The show ... minus Calhoun ... must go on

Jim Calhoun has never been a big fan of First Night but understands the purpose behind the annual event celebrating the return of college basketball.

He'd still rather be in Storrs than in Indianapolis today.

Instead of welcoming in his 25th season as UConn head coach in front of an enthusiastic crowd at Gampel Pavilion, he is scheduled to appear before the NCAA Committee on Infractions to defend his program and his reputation.

It marks the first time that Calhoun has missed First Night, which features both the men's and women's programs and starts at 6 p.m. with an autograph session.

The UConn women, meanwhile, welcome five new freshmen as they begin the first step in what they hope ends with a third straight national championship.

"We're not going to have our full team there," senior Donnell Beverly said of First Night. "But the other coaches are very capable of keeping us in order and making sure we do the right things and have a good time.

"I'm sure that coach (Calhoun) will be there at practice Saturday. That's all I'm worried about."

The Huskies seem insulated from the storm clouds that hover around the program. They're focusing on basketball, yet they will be asked questions in the upcoming months about NCAA violations that had nothing to do with them but will impact the program.

UConn has recommended self-imposed penalties of probation and a loss of a scholarship for two years, and recruiting restrictions for committing major NCAA violations. Calhoun, athletic director Jeff Hathaway and other UConn officials will present their case today to the NCAA Committee on Infraction, which will rule on the matter in approximately six to eight weeks.

The players realize that speaking for the program comes with the territory.

"It's not unfair just because we're part of the program," junior Kemba Walker said. "There's nothing much we can say. We don't know too much. (We have to) just block it out and play basketball … I'm not worried about it. We don't talk about it at all."

While the Huskies are able to stick to their usual routine during perhaps the most chaotic period in the program's history, the coaching staff has had to deal with the numerous NCAA-related issues.

Associate head coach George Blaney, who filled in as team spokesman during the Husky Run Wednesday with Calhoun already in Indianapolis, said that it's been a disruptive time for the coaching staff.

"Any time it takes away from thinking about basketball and your ability to coach basketball, it's a draining kind of thing," Blaney said.

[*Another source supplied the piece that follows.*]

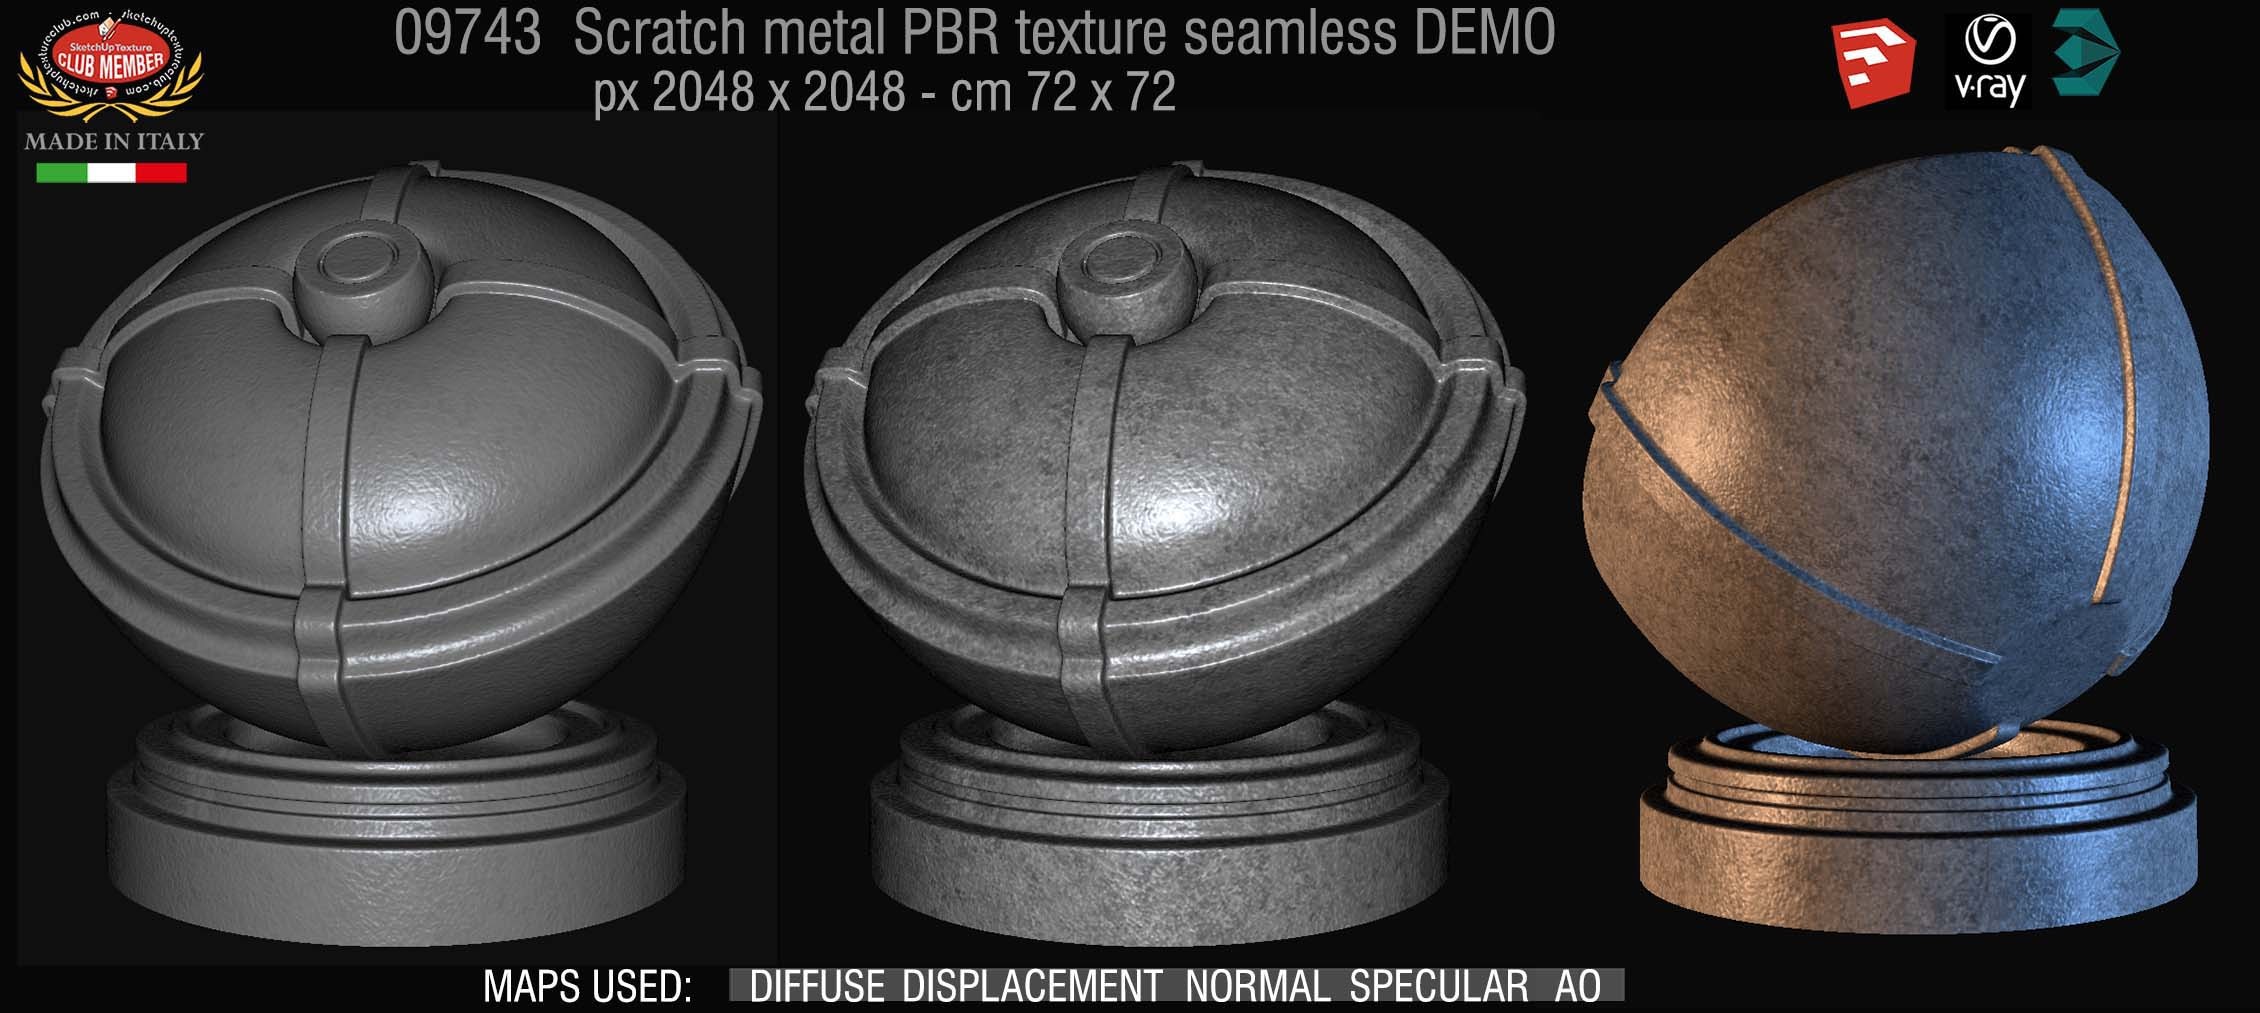 09743 Scratch metal PBR texture seamless DEMO
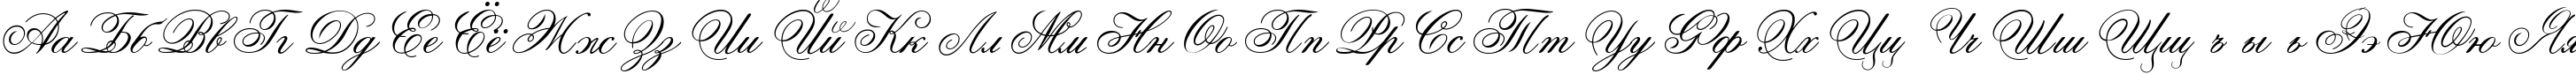 Пример написания русского алфавита шрифтом Ouverture script

Blaney added that Calhoun always has had the ability to concentrate on his coaching duties and push aside everything else.

"I haven't noticed any lessening in the basketball," Blaney said. "In fact, I've seen an increase in his interest in this particular team because I think they're talented. And he really likes talented players. This group is very talented.

"… He's able to put things in compartments and deal with what he has to deal with. It's taken up a lot of his time, for sure. It's taken up a lot of his time thinking about it. But he's handling it great. He's as upbeat as ever about this team. I think he really likes this team."

The Huskies need Calhoun's full attention this season with a roster stacked with underclassmen, including six freshmen and two sophomores. Another newcomer, 7-foot-1 center Enosch Wolf, will join the team Dec. 18.

Wolf is attending Wilbraham & Monson Prep (Mass.) this fall.

Expectations have been lowered everywhere but inside the program.

"When does a Connecticut team not have expectations?" Blaney said. "I know most of the polls we haven't been picked in the top 25 and some place somebody told me we weren't picked in the top 40. And so I think Kemba is kind of rolling his eyes at all that stuff and saying, 'okay, we'll show (them).'"


UConn officials, led by president Philip Austin, athletic director Jeff Hathaway and coach Jim Calhoun, will appear before the NCAA Division I Committee of Infractions in Indianapolis today to address allegations of violations in the men's basketball program.

Following is the format:

• Committee chairman Dennis Thomas (Mid-Eastern Conference commissioner) presents background information.

• Opening statements by UConn, NCAA enforcement staff and other involved parties.

• NCAA enforcement staff details each allegation, followed by comments from UConn and others. Discussion and questions from COI follow.

• Closing statements by all parties.

Note: COI will then privately discuss case to determine findings of violations and assess penalties. An infractions report will be released in 6-8 weeks, at which point UConn will have right to appeal the NCAA's decision.

COI members: Thomas, Brian Halloran (attorney), John Black (attorney), Roscoe Howard (U.S. attorney), Gregory Sankey (SEC associate commissioner), Britton Banowsky (Conference USA commissioner), Melissa Conboy (Notre Dame deputy athletic director), James O'Fallon (Oregon law professor), Rodney Uphoff (Missouri professor), Eleanor Myers (Temple associated professor).